> [Exercise] Use the entries below and reproduce exactly the lines from the one containing "Вода уносит жизни." down to the one containing "A bottle 2019", both of them included.

> [Exercise input]
================

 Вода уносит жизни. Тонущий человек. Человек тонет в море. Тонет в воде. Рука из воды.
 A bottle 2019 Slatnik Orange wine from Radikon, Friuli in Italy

================

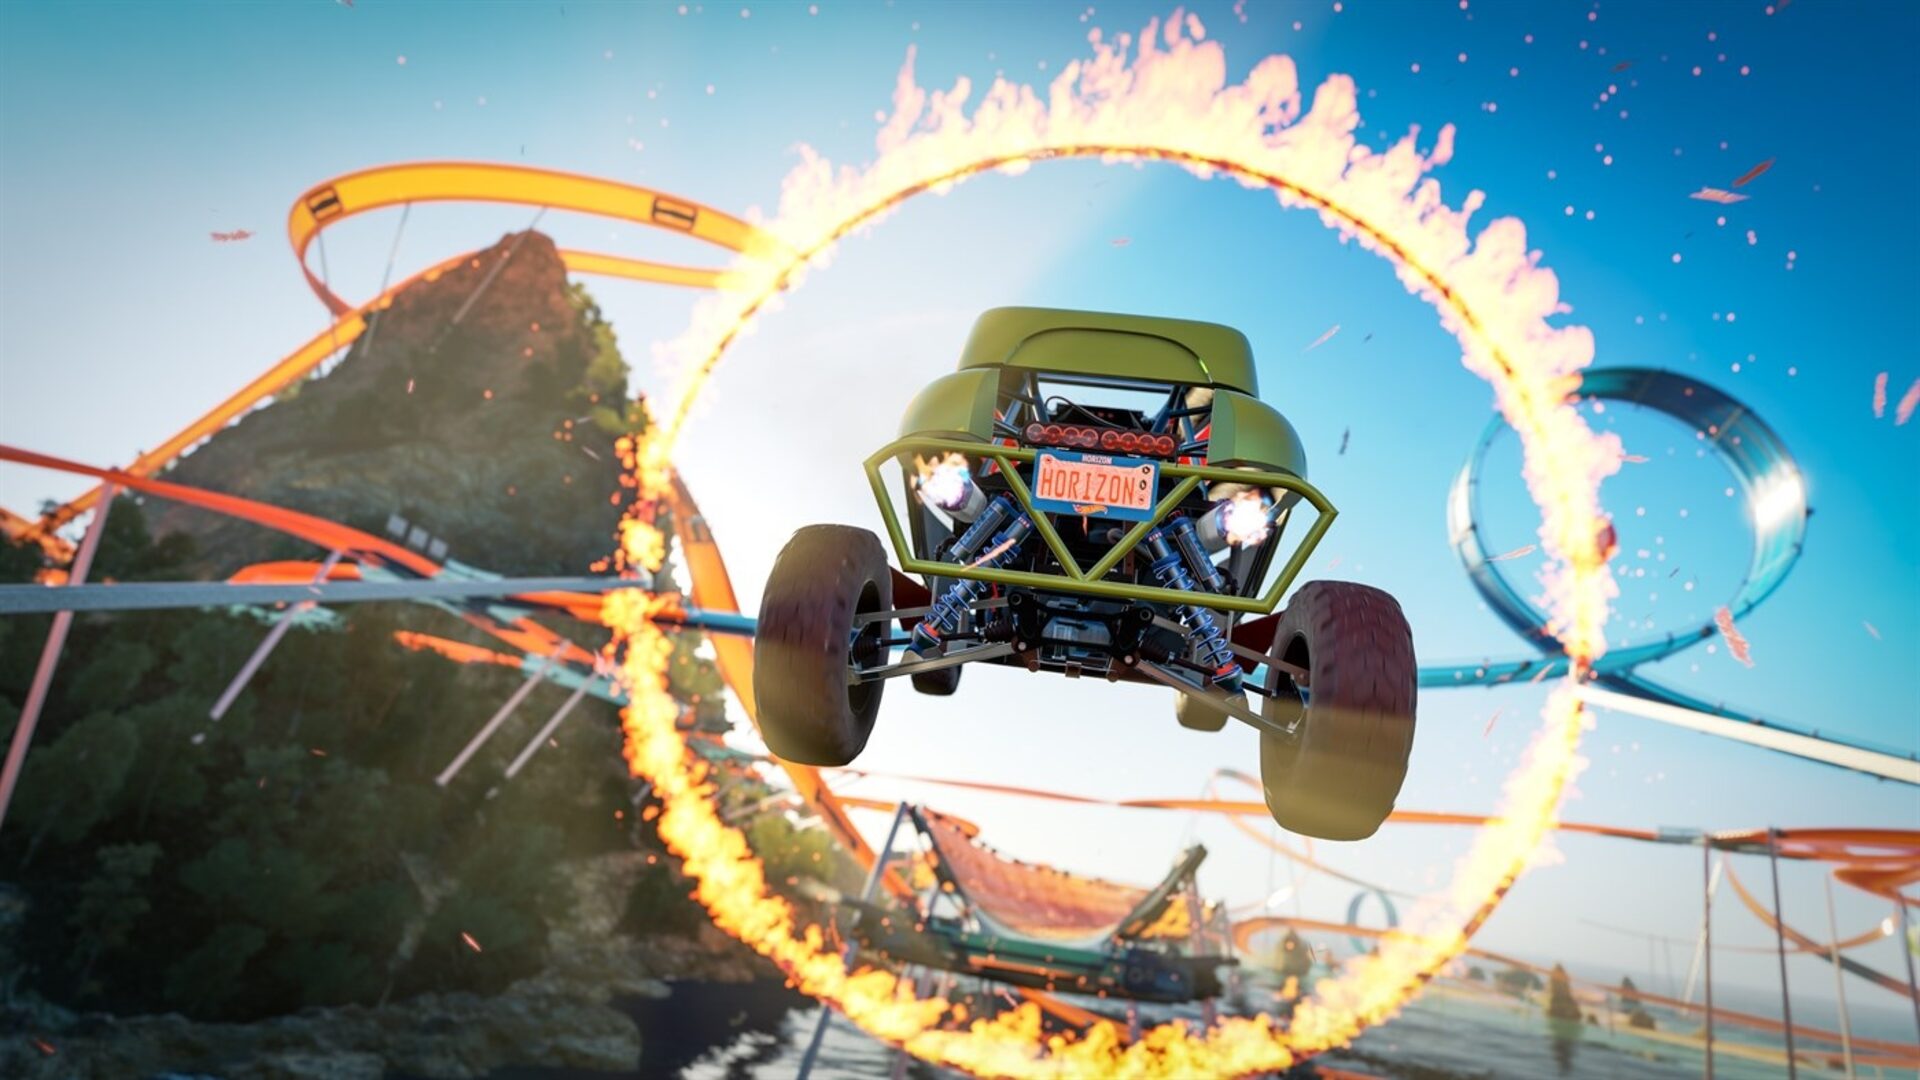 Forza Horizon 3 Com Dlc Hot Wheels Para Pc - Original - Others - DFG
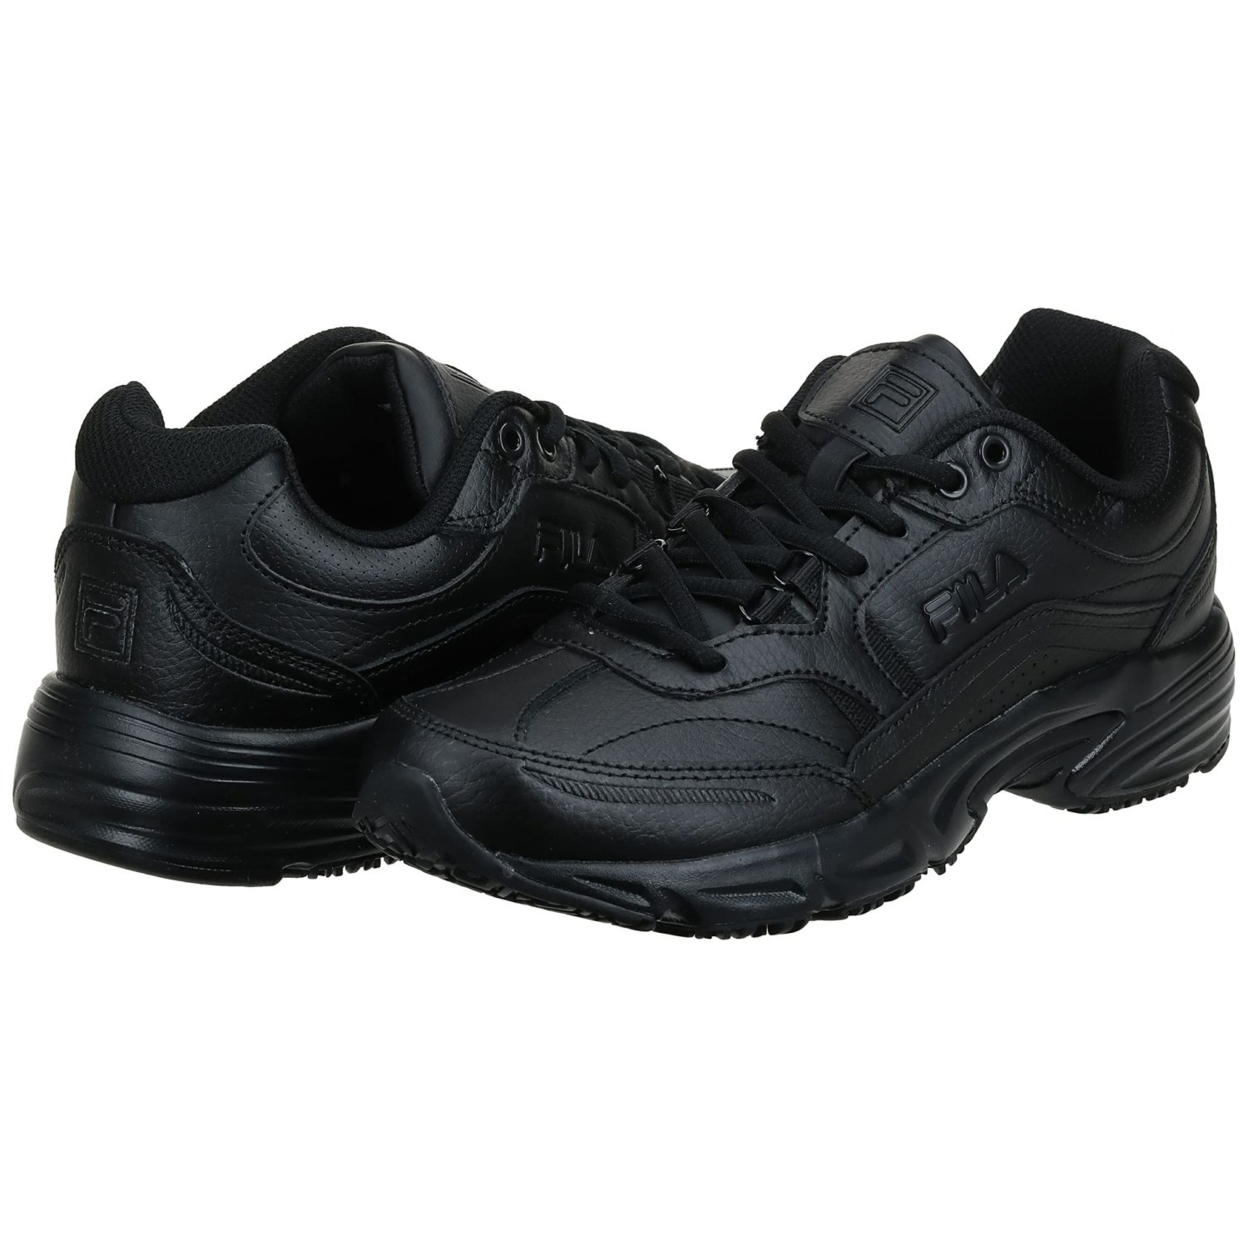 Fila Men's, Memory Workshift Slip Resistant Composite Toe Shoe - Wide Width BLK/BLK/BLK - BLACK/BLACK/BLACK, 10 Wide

================

> [Finished exercise]
 Вода уносит жизни. Тонущий человек. Человек тонет в море. Тонет в воде. Рука из воды.
 A bottle 2019 Slatnik Orange wine from Radikon, Friuli in Italy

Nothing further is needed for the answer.